U.S. Army Campaigns of the Vietnam War

THE U.S. ARMY BEFORE VIETNAM, 1953–1965

THE U.S. ARMY BEFORE VIETNAM, 19531965

Donald A. Carter

U.S. Army Campaigns of the Vietnam War
CMH Pub 76-3, Paper
2015; 56 pages, illustrations, maps, further readings

GPO S/N: 008-029-00591-3

The U.S. Army Before Vietnam, 1953–1965, by Donald A. Carter, covers the period between the end of the Korean War and the initial deployment of ground combat troops to Vietnam. It describes the organizational and doctrinal changes the Army implemented as it attempted to digest the lessons of one conflict and to prepare the force for another. The pamphlet also discusses the service's efforts to maintain its position in national defense within the parameters of President Eisenhower's New Look strategic policy. A key issue for the Army was the question of how to prepare a force to operate on an atomic battlefield. In order to compete with the Air Force and the Navy for a diminishing defense budget, the Army had to show that it, too, was a modern, forward-thinking organization, prepared to integrate a new family of tactical atomic weapons into its organization and doctrine.

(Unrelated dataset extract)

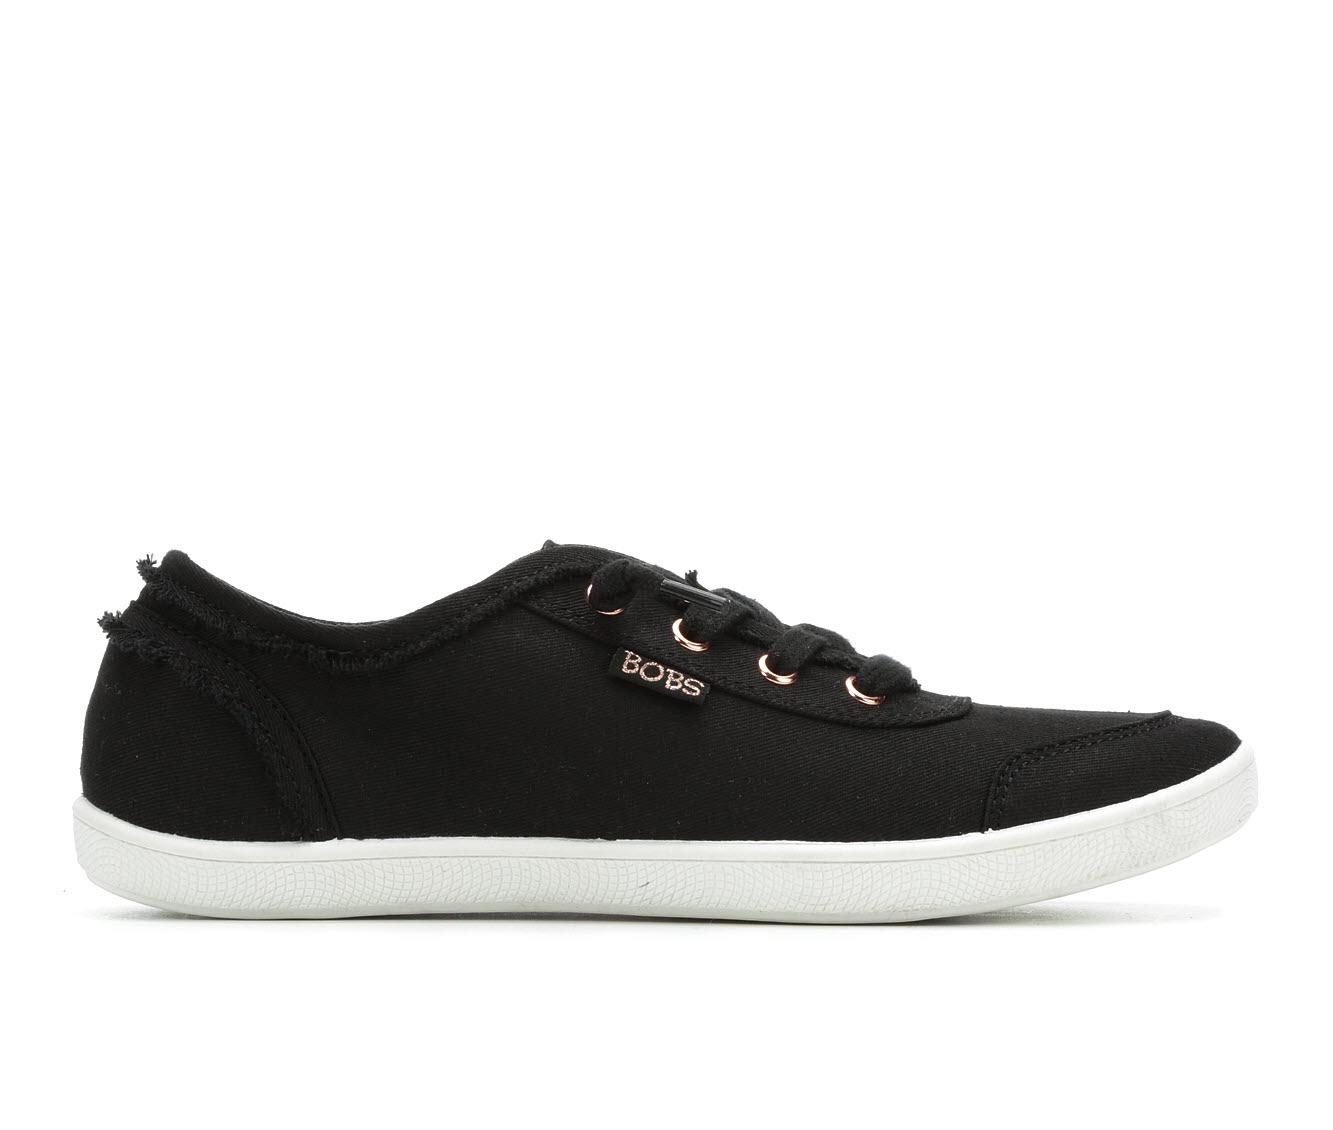 BOBS B Cute Women's Shoe (Black Canvas)

The resulting experiment with the Pentomic division forced Army leaders to reexamine some of their most basic assumptions about future conflict. With the increasing influence of Communist China throughout Southeast Asia, the Army also began to pay greater attention toward counterinsurgency and guerilla warfare. President Kennedy's interest in a doctrine of flexible response and his concern for combatting Communist inspired insurrections prompted the Army to increase training in unconventional warfare and to highlight the capabilities of its developing special forces—the Green Berets.